Danışman

Ahmet Davutoğlu öyle bir veda etti ki, arkasından söz söylemek cesaret ister. Ama yine de bir şeyler söylemek lazım.

Sanırım Davutoğlu parti tabanında çok başarılı görülmese de, bazı özlemleri, talepleri temsil ediyor olmalıydı.

Bana gelince teorik olarak Ahmet Davutoğlu’nun başarılı olacağını hiç düşünmedim. Başarılı olursa bu bir istisna olurdu. Çünkü Davutoğlu iyi bir akademisyendi. Teoriyi biliyordu.

Doğrusu teoriyle pratik arasında makas her zaman açık olur, ama Davutoğlu’nda bu makas çok ama çok açıktı. Ayakları yere basmıyordu. Medeniyet tarihimizi biliyordu ama yönetim tarihimizin gerçekliklerinden uzaktı.

İşin kötüsü dış politika, teoriden çok pratiklerin beslediği bir alandı.
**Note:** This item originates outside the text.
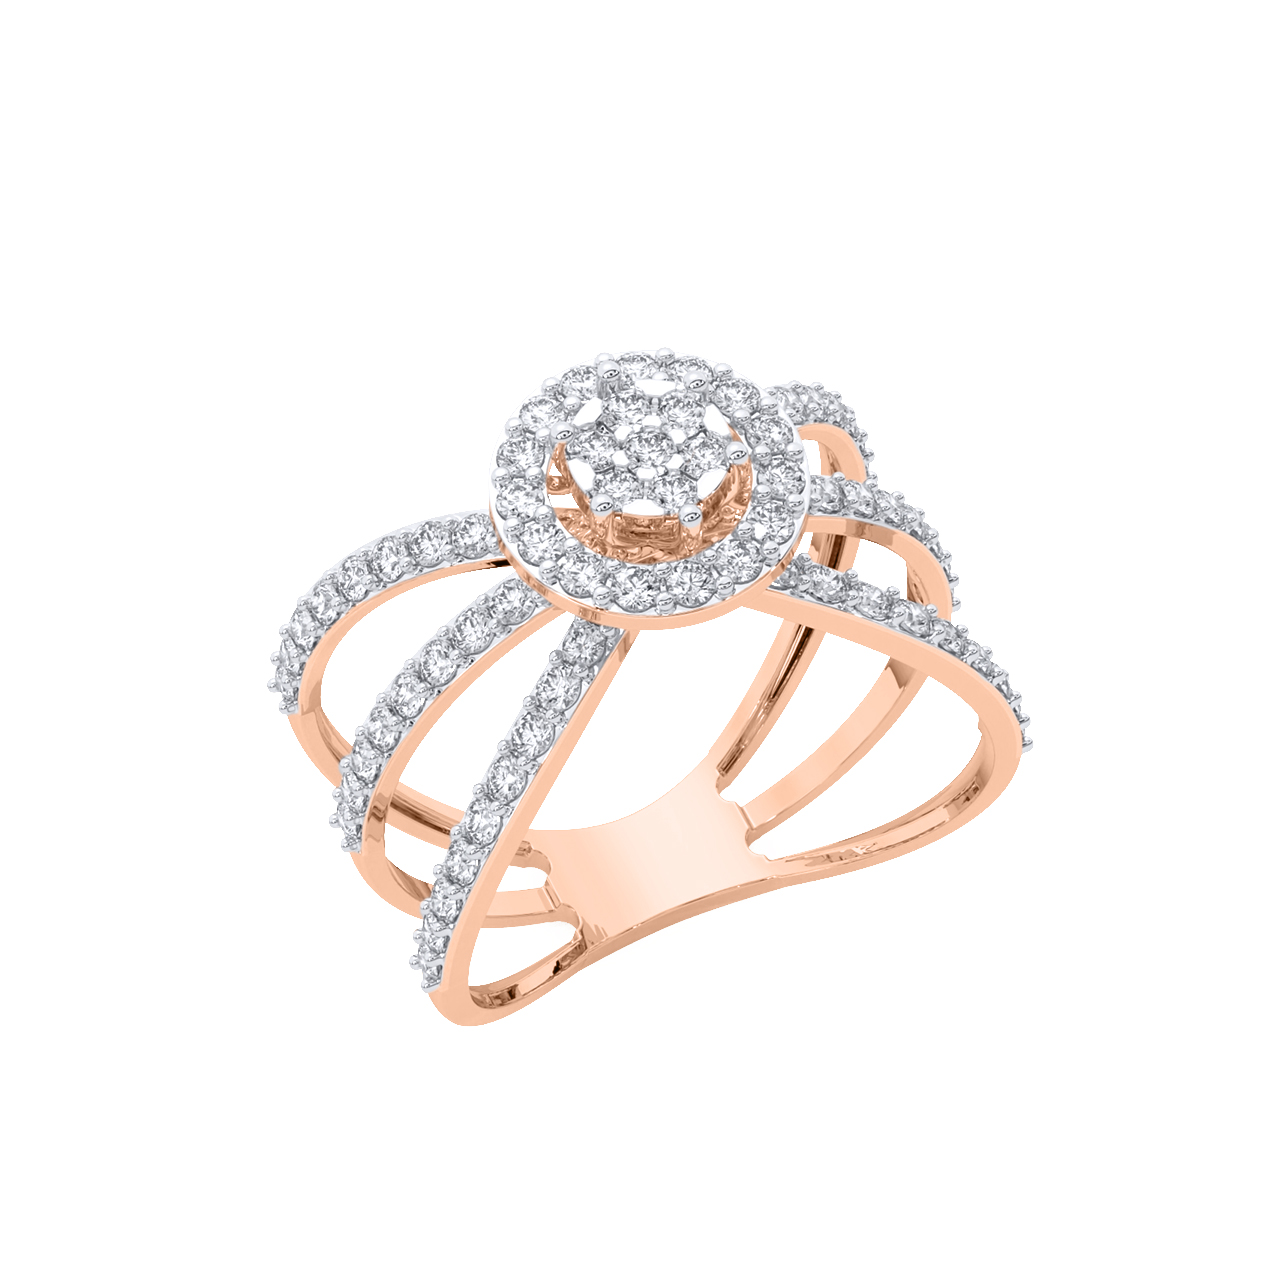 Lauren Diamond Engagement Ring

Tarih boyunca dış politikada stratejik derinlik var mıydı bilemiyorum ama aynı ırktan, aynı dinden, aynı medeniyetten olanların pek de müttefik olmadıklarını biliyorum. Yönetim işleri, “selam olsun” demekle selamete ermez.

Davutoğlu, teorinin büyüsüne kapılmış iyi bir akademisyendi ve yönetim konusunda yapabileceği en iyi iş danışmanlıktı. Bir danışman olarak teorik bilgisiyle yöneticilere katkı yapabilirdi. Ayakları yere basmayan fikirleri ise göz ardı edilirdi.
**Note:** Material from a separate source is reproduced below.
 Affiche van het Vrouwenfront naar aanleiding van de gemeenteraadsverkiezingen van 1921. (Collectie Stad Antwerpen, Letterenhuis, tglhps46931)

Ahmet Hocayı danışmanlıktan icranın başına geçirmek, Dışişleri Bakanı yapmak, hataydı. Sonra daha büyük hata yapıldı Genel Başkan ve Başbakan oldu.

Ahmet Davutoğlu’nun en zayıf noktası ise zekâsıydı. Hoca zeki bir insandı ve sanırım zekâsına çok güveniyordu. Buna bağlı olarak özgüveni de yüksek olmalıydı. Sanırım Türk tarihine, İslam medeniyetine yön verebilecek kadar kendisine güveniyordu.

Herhalde Davutoğlu, konular üzerinde kalem oynatmakla coğrafya üzerinde at oynatmayı karıştırdı. Keşke güzel işler yapmak, güzel sözler söylemek kadar kolay olsaydı.

Ahmet Hoca bir teorisyendi ve teorik olarak da hep haklıydı. Kendisi Başbakandı ve Ak Parti Genel Başkanı olmuştu. Anayasaya göre yetkileri vardı ve bunları kullanmak en doğal hakkıydı. Hatta Cumhurbaşkanı olunca Tayyip Erdoğan’ın yasal olarak Ak Parti’yle ilişkisi kesilmişti.

Ama bunlar teorik doğrulardı, bir de pratik gerçeklikler vardı. Ahmet Hoca dış ve iç politikada pratik gerçeklikleri geç de olsa öğrendi; hem de çok yüksek maliyetle.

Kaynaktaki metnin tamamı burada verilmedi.